The reply should be an exact repeat of the listing, with no pictures in it.

→ **DATASET EXCERPT**:
----

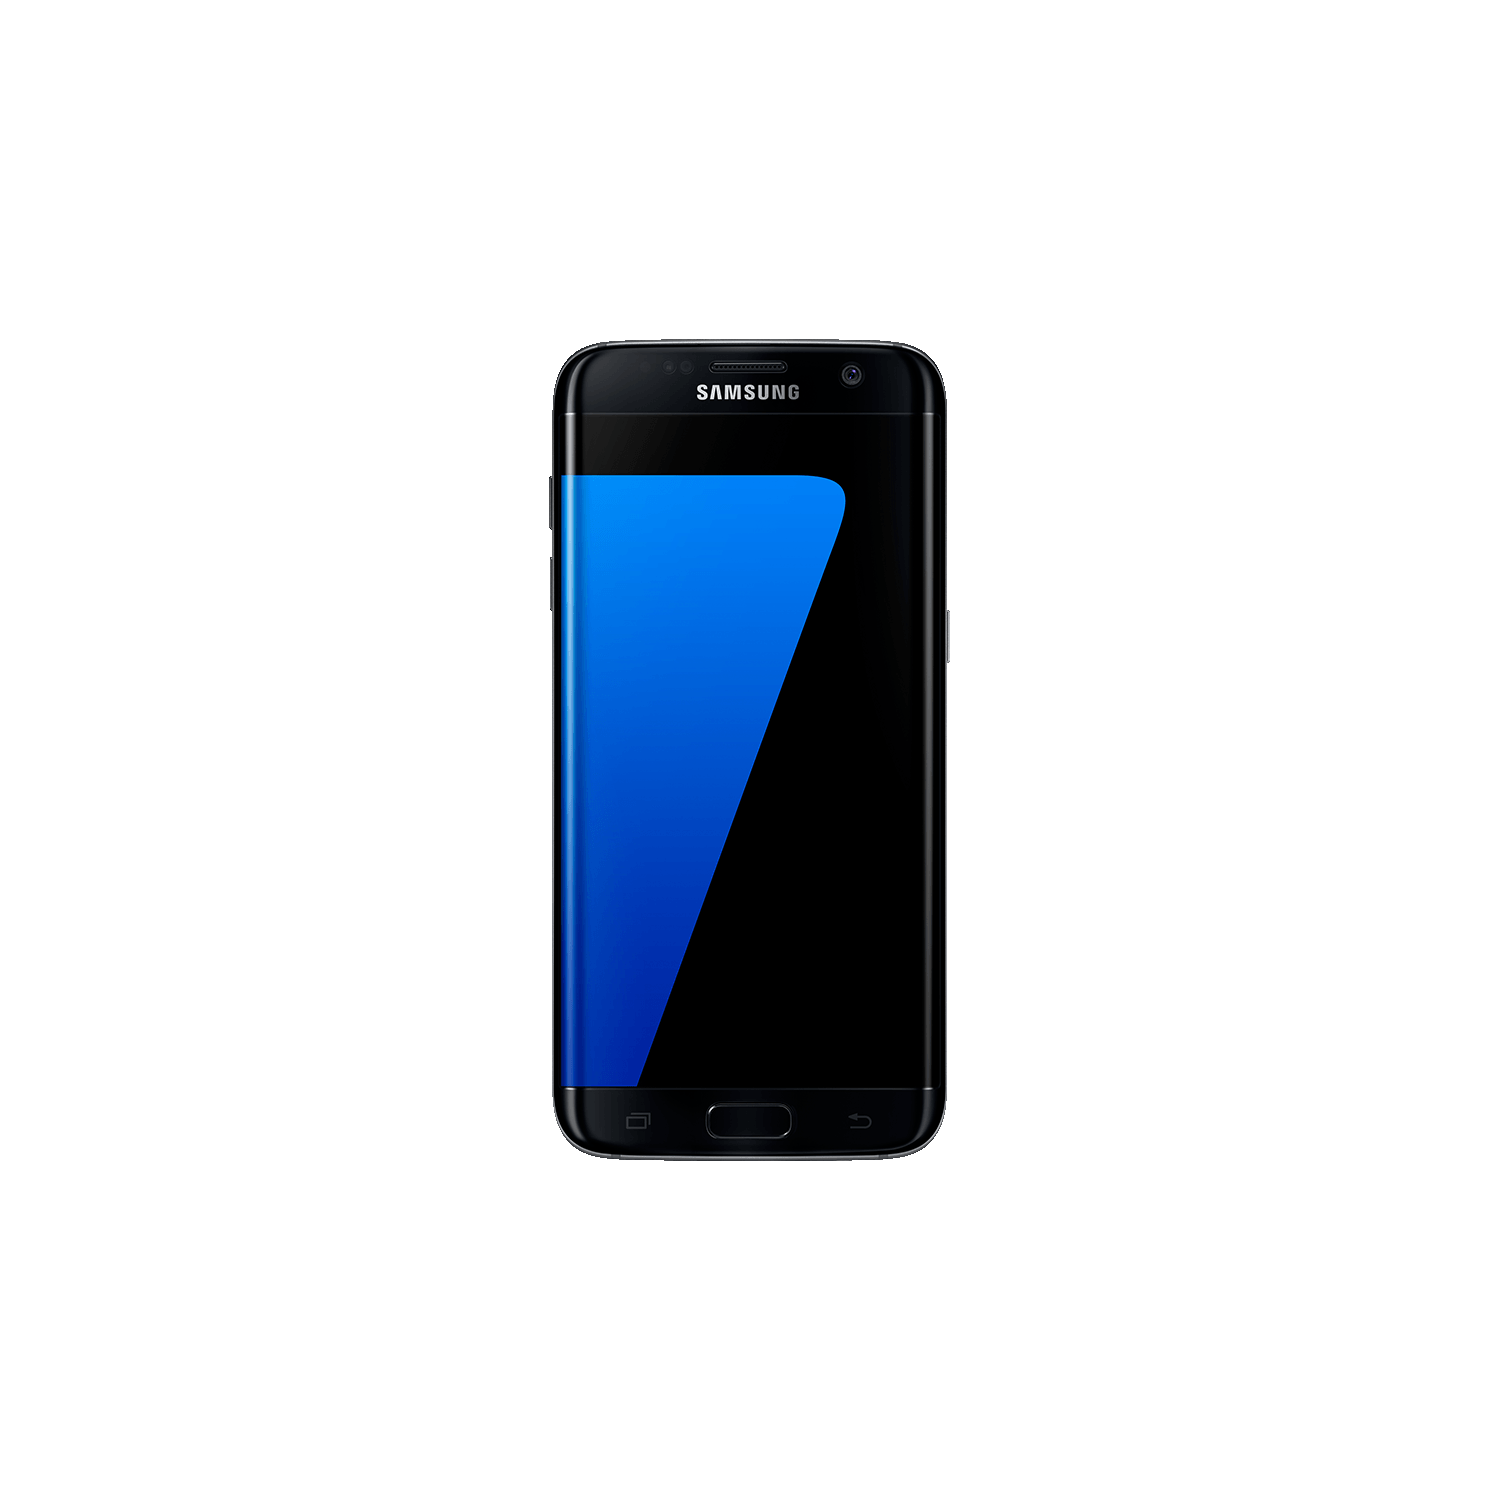 Refurbished (Good) - Samsung Galaxy S7 edge 32GB Smartphone - Black Onyx - Unlocked - Certified Refurbished
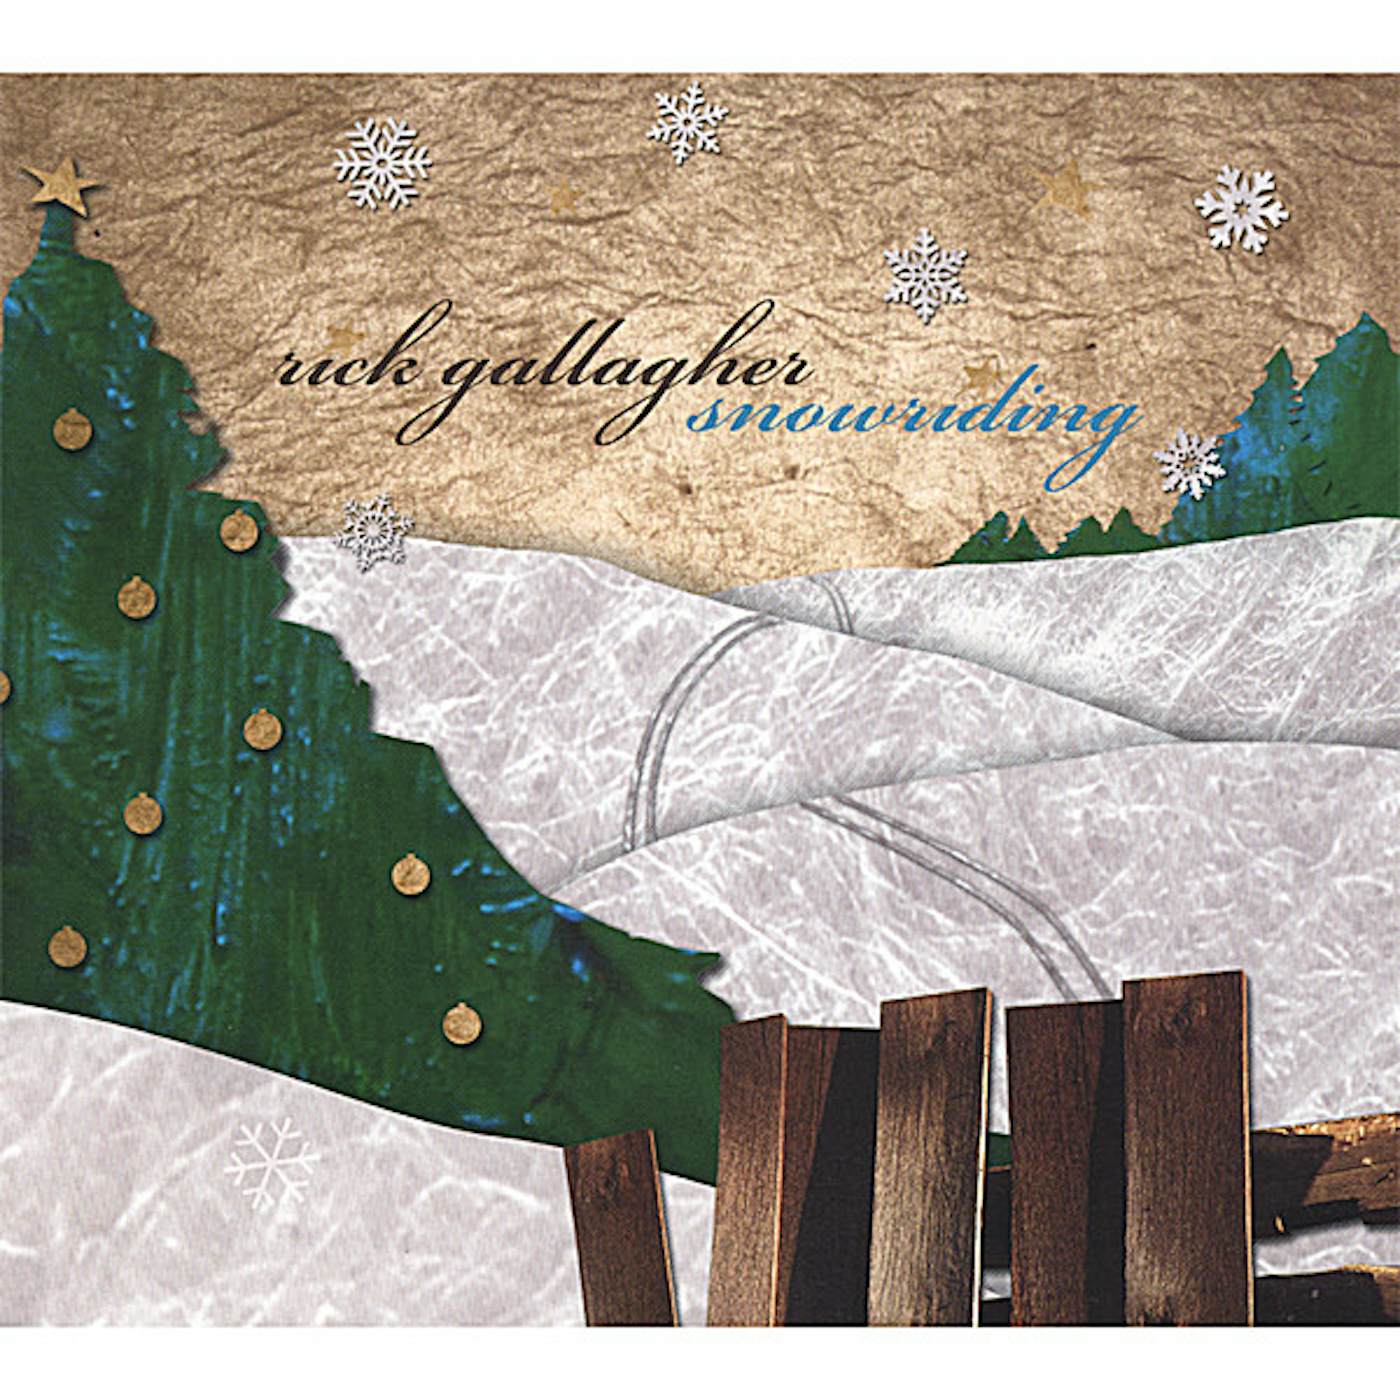 Rick Gallagher SNOWRIDING CD
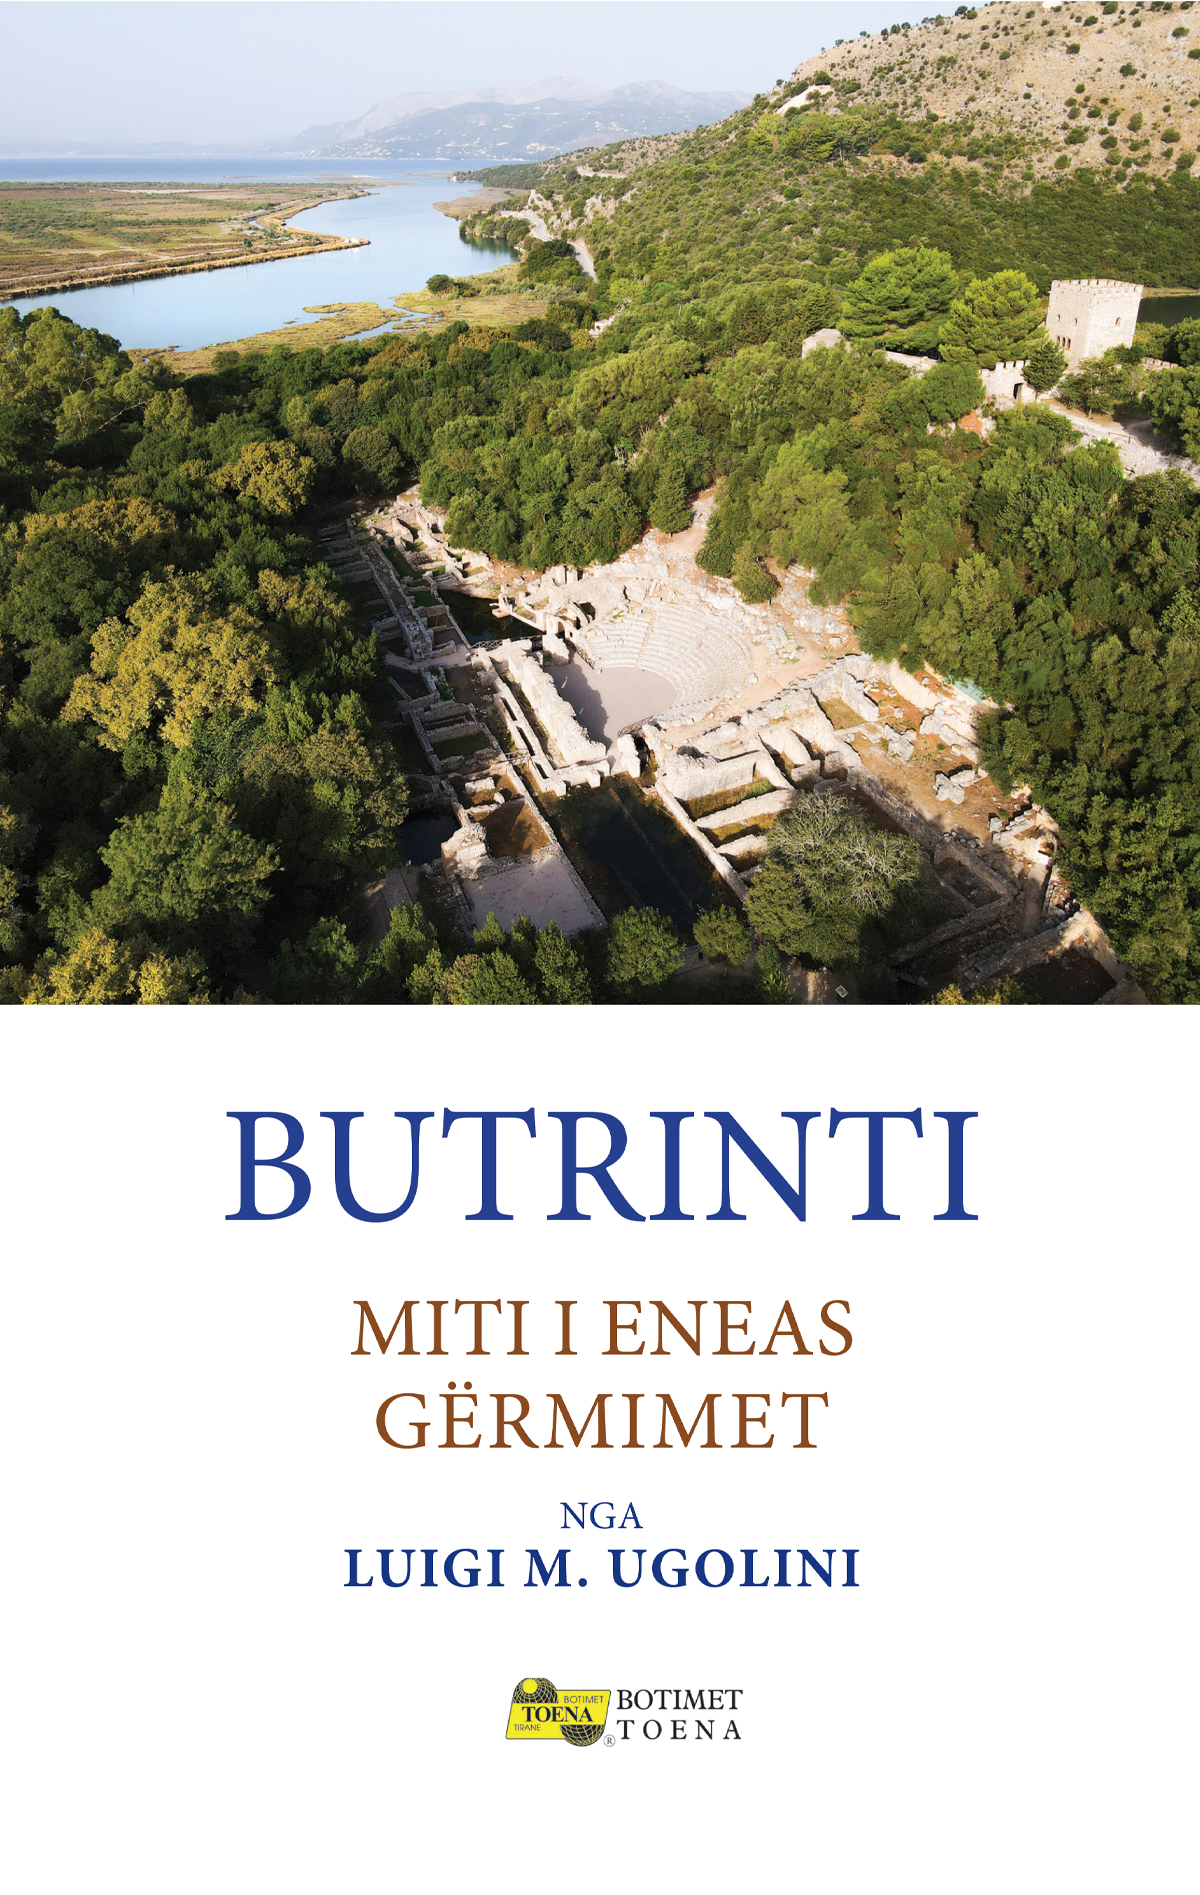 Butrinti - Miti i Eneas
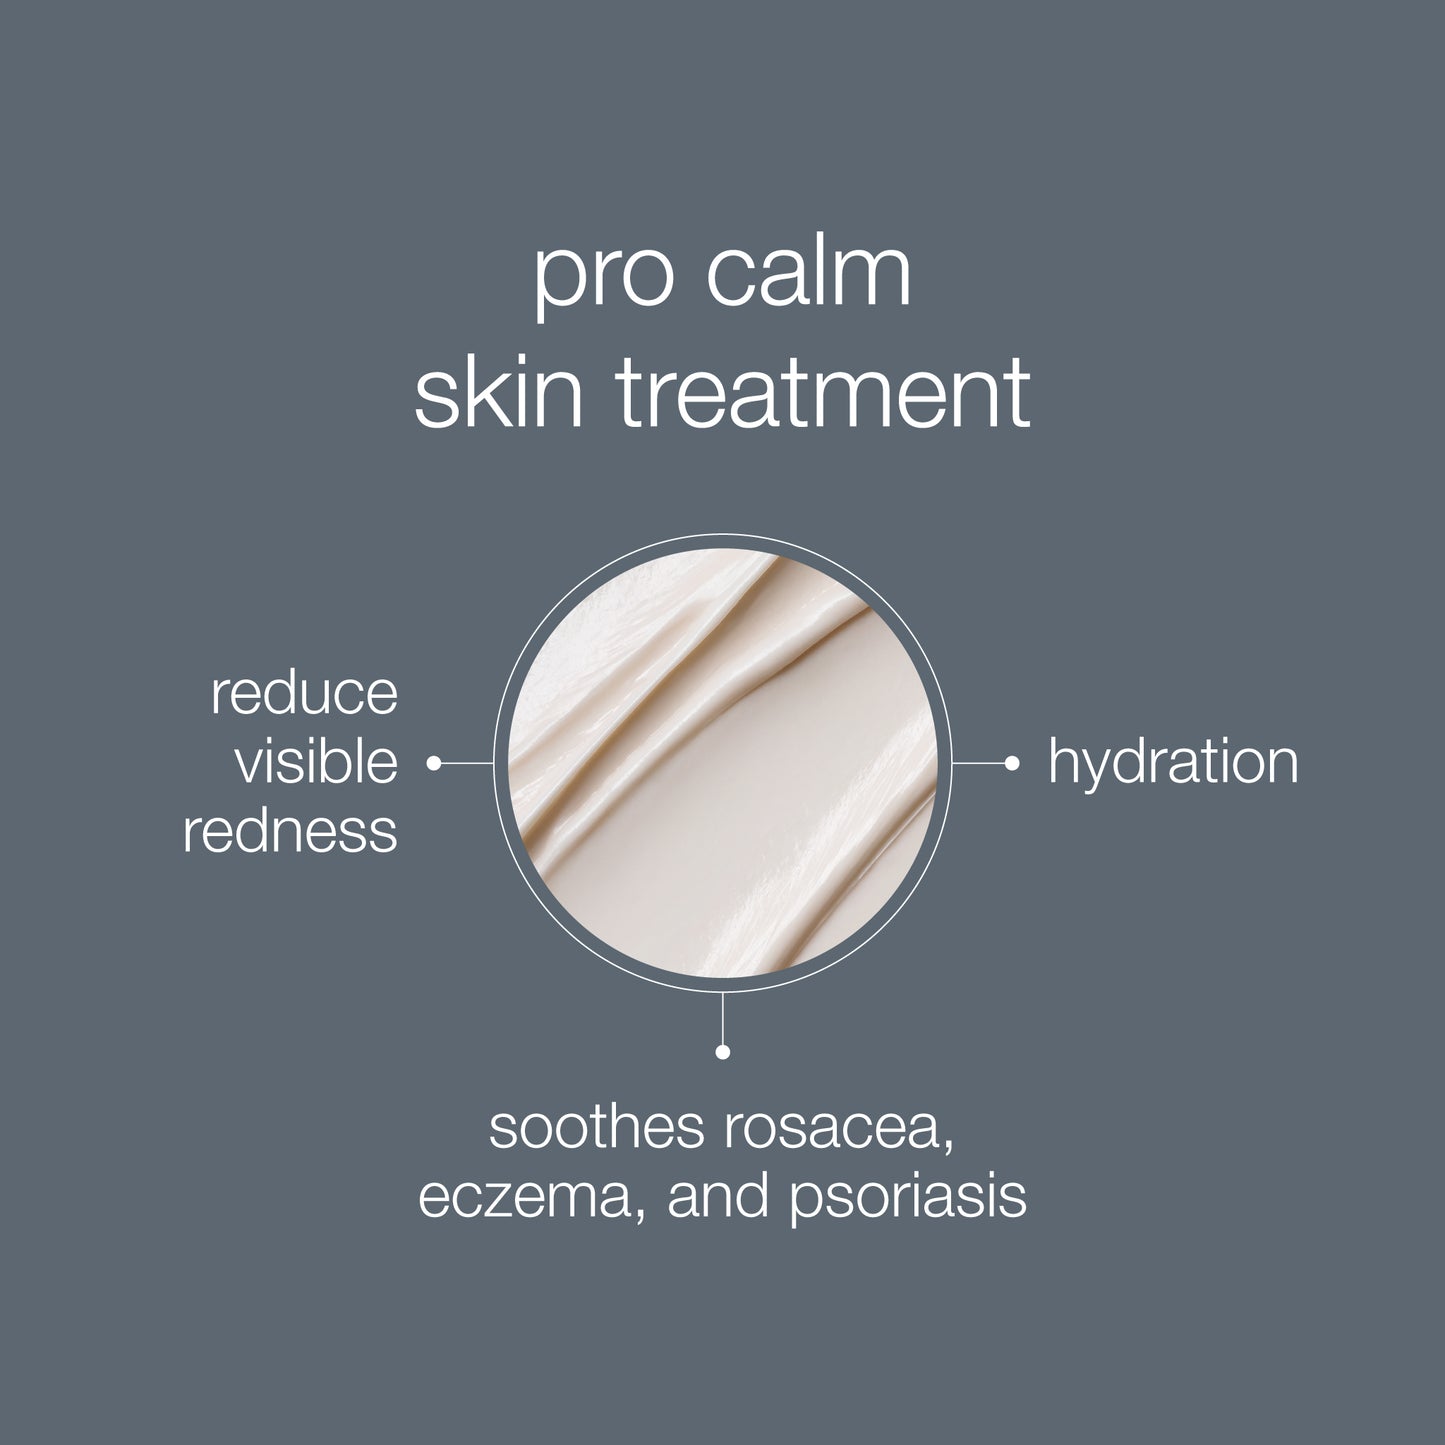 pro calm skin treatment benefits

----

→ **YOUR RESPONSE**:
 Refurbished (Good) - Samsung Galaxy S7 edge 32GB Smartphone - Black Onyx - Unlocked - Certified Refurbished
 Rick Gallagher SNOWRIDING CD
 Butrinti - Miti i Eneas
 pro calm skin treatment benefits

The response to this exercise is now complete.